You can see how easy it is easy to blow these numerology things out of all proportion... matter of fact, that is almost biblical, no?   (is that "proportion" comment scroll-worthy  ;-)

Jones

Oh yeah, About the seven days. The first thing to understand is that a week of seven days is a fairly recent cultural invention and did not originate in the Bible, despite what some pulpit thumpers want to tell you. In pre-literate societies weeks were typically the interval from one market day to the next. Four to 10 days gave farmers and herders enough time to accumulate and transport goods to sell. The *market day* is the basic need being met by the entire original concept of the "week." There is nothing there related to divinity (at least not on the surface).
 
The Bible story begins with the creation of the universe: "In the beginning God created the heavens and the earth" but the first account of "Seven Days Of Creation," was written by the Hebrews when they were in present day Iraq - there is no written account of it before that. This idea, like much of the Old Testament was "borrowed" from the where else - what is today Iraq. Is that irony lost in today's geopolitics, or not?

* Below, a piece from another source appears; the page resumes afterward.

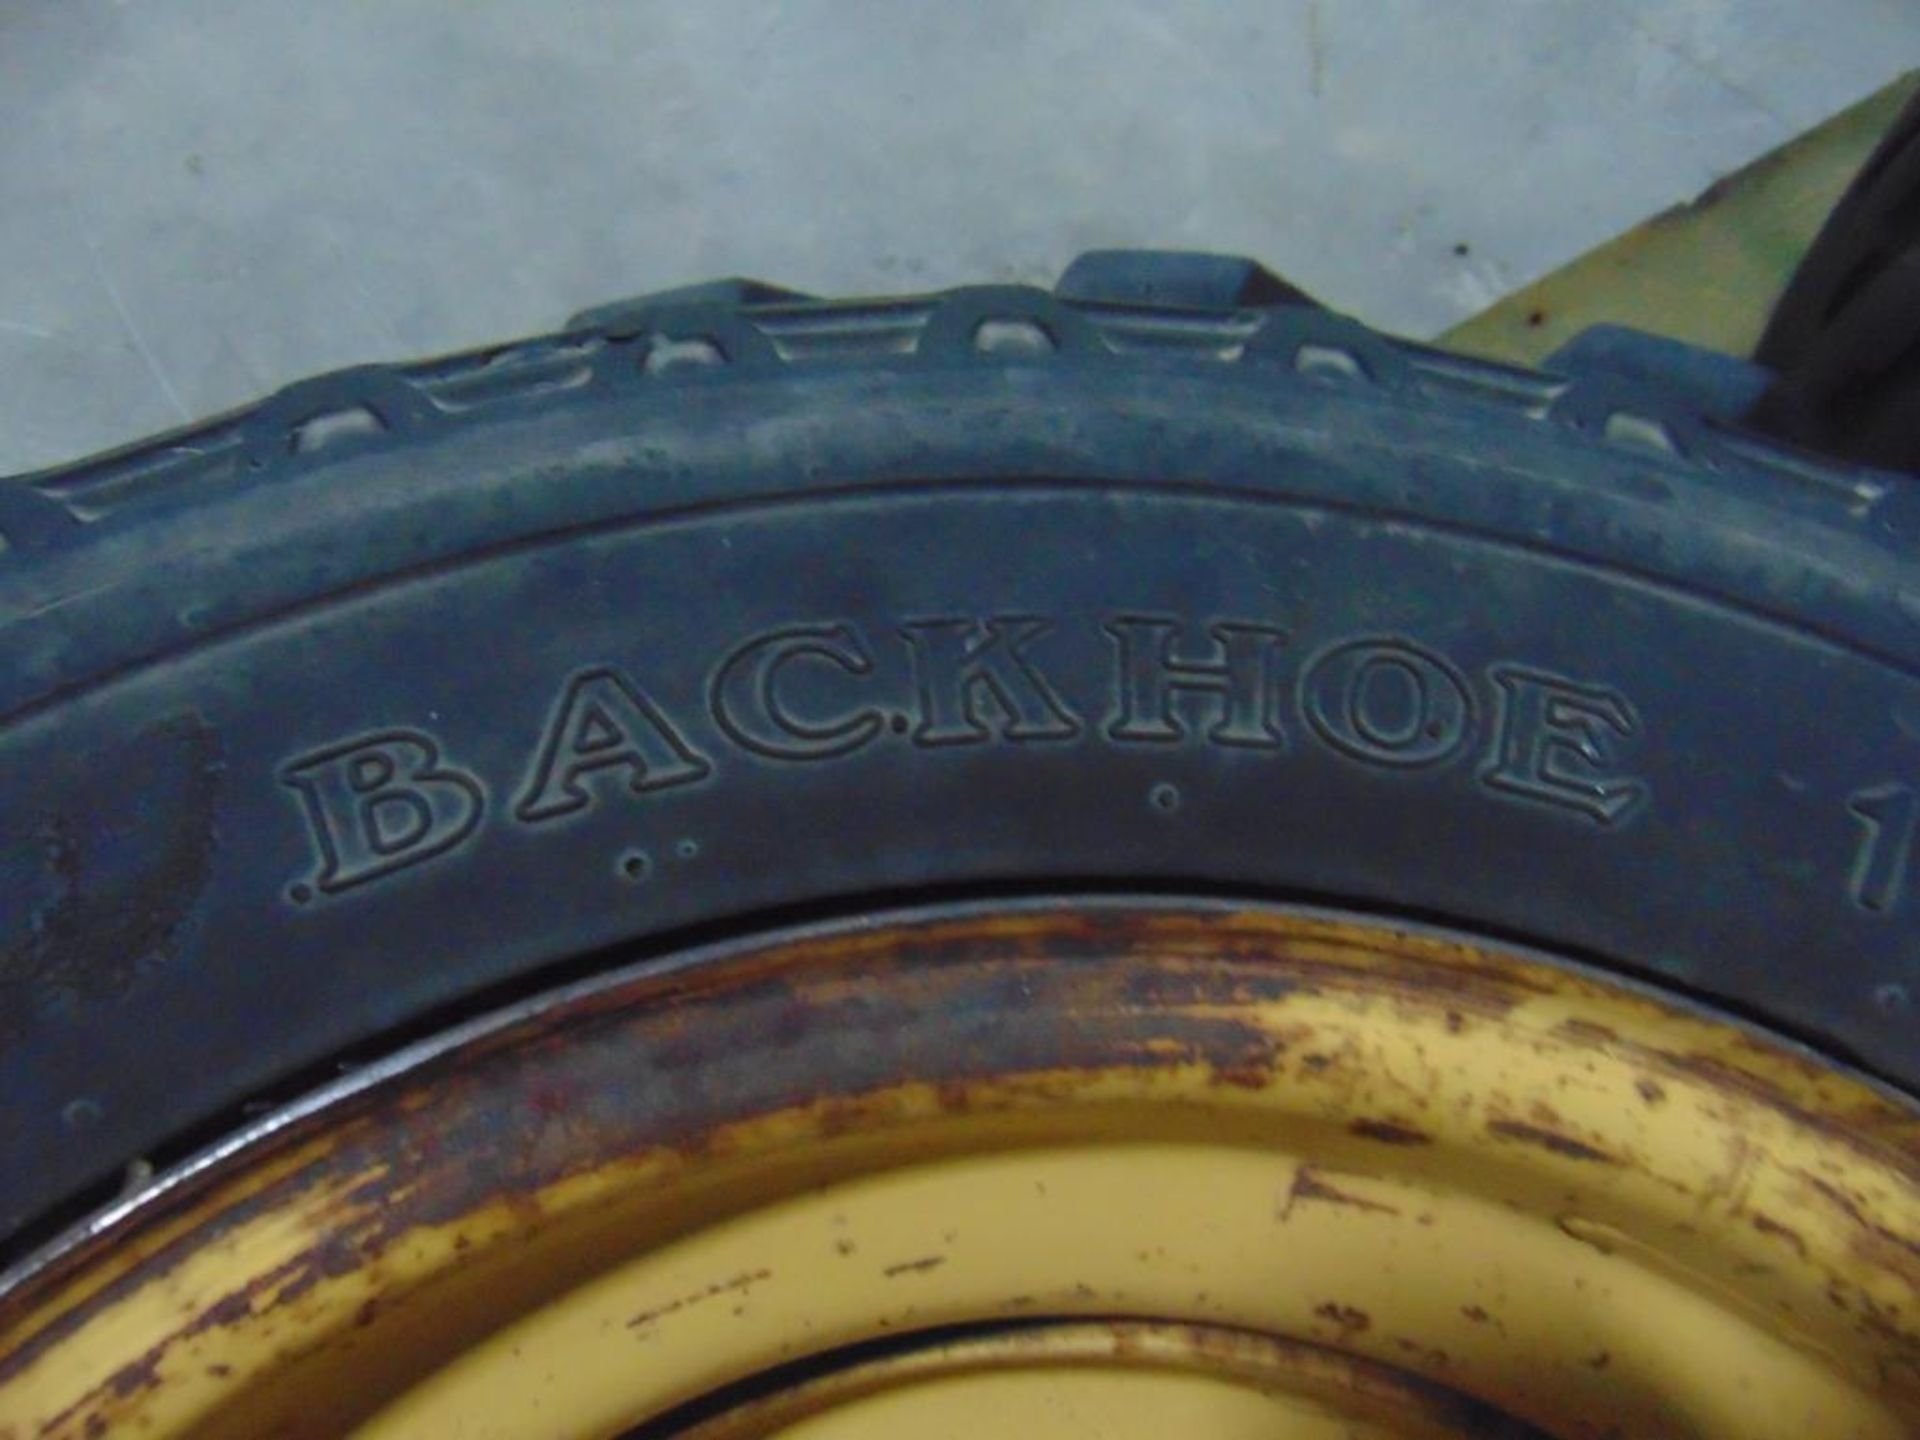 Lot of Tires and Rims* - Image 14 of 24
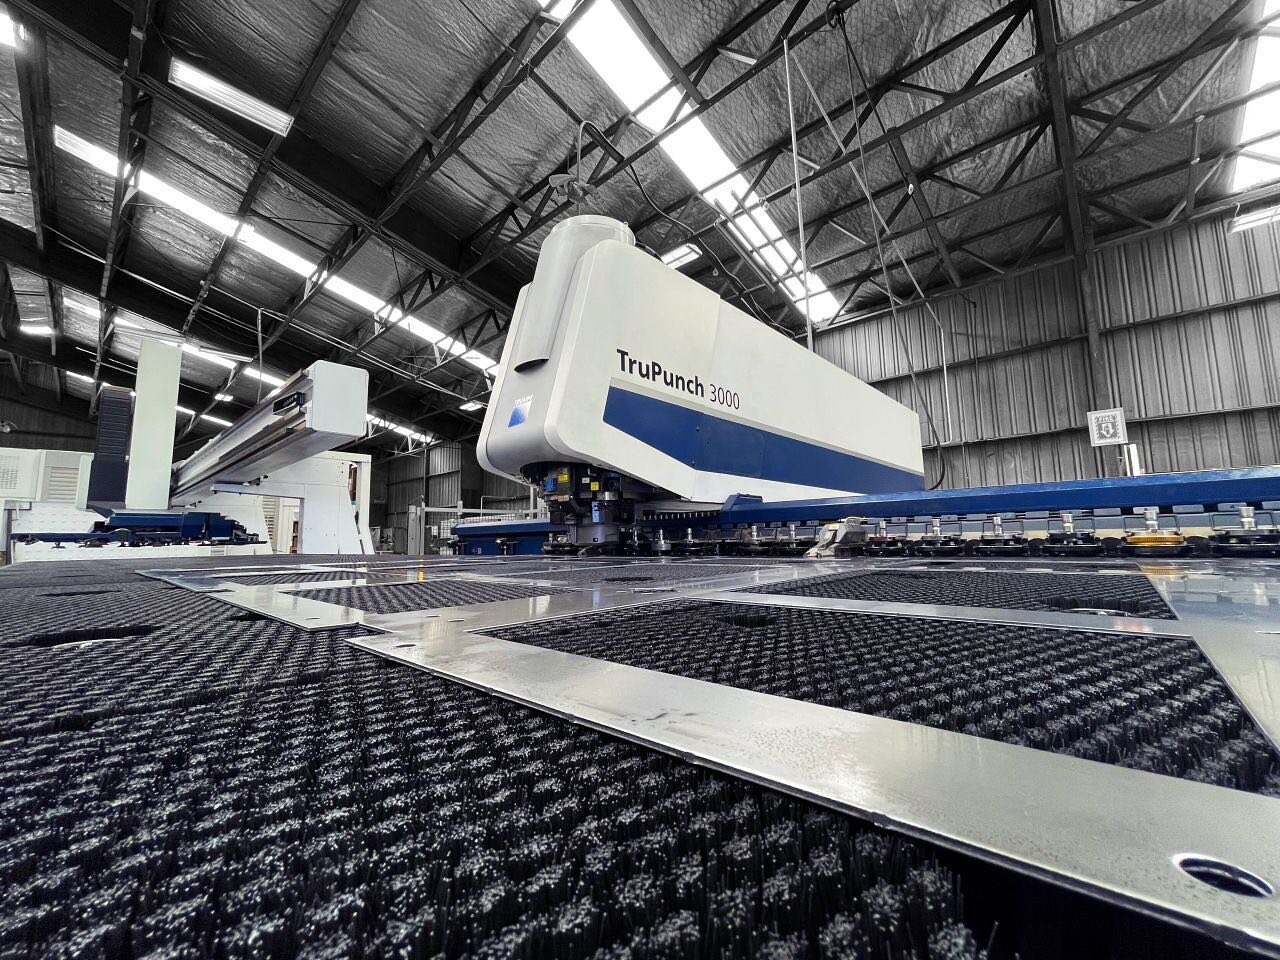 Check out one of our key pieces of machinery; the Trumpf TruPunch 3000. This machine offers us the highest level of processing flexibility giving us the ability to produce simple workpieces through to complex examples with numerous different cuts, ho

At least 700 years before Moses - around 2350 BC the famous king Sargon I, King of Akkad, having conquered Ur and the other cities of Sumeria (later Babylon, later Iraq), instituted a seven-day week, the first to be recorded in human history, although in India and China there is evidence of coincidental synchronicity. The Jewish calendar, and much of biblical mythology, began following the Babylonian captivity, even if it was attributed to Moses earlier. At any rate there is no possible way that the idea originated with the Hebrews - chosen or not - they were not yet even a tribe when the 7-day week was invented.

The 7-day week was later introduced to Rome in the first century A.D. by Persian astrology gurus, not by Christians or Jews. The astrological need for it was that there would be a day for the five known planets plus the sun and the moon, making seven; but this was an ancient idea from the East, based on a recurring market-day. However, when Christianity became the official religion of the Roman empire in the time of Constantine (~ 325 A.D.), the familiar Hebrew-Christian week of 7 days, beginning on Sunday, became conflated with the pagan week and took its place in the Julian calendar.  Thereafter, it seemed to Christians that the week Rome now observed was seamless with the 7-day week of the Bible and ever since it has been linked, incorrectly, to the Genesis myth. The pagan roots are obvious in the English names of the days: Saturn's day, Sun's day, Moon's day and the pagan names which somehow incorporate Norse mythology.